(Dataset excerpts)
====
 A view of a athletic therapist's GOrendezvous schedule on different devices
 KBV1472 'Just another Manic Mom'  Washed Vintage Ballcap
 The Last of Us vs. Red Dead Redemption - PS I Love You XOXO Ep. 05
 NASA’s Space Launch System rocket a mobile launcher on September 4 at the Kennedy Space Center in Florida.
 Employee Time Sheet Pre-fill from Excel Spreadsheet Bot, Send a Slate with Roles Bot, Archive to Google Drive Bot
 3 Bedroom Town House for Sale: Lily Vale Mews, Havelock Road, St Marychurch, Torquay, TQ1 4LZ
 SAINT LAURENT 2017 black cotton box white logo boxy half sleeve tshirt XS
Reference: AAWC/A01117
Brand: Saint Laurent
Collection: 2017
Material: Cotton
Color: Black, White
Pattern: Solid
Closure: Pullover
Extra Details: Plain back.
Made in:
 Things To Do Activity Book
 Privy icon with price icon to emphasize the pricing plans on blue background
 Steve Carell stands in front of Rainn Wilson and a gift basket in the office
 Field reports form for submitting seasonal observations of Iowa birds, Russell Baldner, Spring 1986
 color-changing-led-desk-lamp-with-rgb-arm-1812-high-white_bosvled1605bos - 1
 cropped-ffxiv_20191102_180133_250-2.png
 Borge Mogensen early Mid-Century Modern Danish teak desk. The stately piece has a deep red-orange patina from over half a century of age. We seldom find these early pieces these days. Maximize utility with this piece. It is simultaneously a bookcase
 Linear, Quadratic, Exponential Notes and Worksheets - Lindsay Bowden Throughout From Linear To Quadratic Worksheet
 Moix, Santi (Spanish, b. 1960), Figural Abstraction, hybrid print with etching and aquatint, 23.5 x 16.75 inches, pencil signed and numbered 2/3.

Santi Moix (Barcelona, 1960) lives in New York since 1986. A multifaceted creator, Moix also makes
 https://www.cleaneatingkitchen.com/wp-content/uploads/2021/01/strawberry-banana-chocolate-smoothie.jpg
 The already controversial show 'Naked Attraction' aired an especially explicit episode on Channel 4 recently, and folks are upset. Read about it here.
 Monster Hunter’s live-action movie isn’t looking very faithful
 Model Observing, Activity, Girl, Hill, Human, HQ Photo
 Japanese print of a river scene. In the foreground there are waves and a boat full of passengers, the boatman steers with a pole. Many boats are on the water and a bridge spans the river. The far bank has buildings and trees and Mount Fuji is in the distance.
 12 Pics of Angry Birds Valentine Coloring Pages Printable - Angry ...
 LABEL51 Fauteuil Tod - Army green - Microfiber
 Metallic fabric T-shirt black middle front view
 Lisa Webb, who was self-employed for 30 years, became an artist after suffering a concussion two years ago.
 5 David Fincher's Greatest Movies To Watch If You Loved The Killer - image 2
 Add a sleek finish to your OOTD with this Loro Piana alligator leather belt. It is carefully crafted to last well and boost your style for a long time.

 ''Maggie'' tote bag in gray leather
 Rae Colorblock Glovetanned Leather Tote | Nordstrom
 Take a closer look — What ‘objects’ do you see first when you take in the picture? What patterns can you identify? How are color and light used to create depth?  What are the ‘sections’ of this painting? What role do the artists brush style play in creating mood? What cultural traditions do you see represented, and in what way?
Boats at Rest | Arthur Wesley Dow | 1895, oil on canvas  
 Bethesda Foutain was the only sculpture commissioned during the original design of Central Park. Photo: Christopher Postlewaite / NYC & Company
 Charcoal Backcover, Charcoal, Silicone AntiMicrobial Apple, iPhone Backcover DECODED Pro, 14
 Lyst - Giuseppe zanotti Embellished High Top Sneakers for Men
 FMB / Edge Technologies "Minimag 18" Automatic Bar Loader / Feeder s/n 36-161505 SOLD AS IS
====
• **Task prompt**
Which lines of the data above contain the string "Photo"? Copy each of them.

• **The answer**
 Model Observing, Activity, Girl, Hill, Human, HQ Photo
 Bethesda Foutain was the only sculpture commissioned during the original design of Central Park. Photo: Christopher Postlewaite / NYC & Company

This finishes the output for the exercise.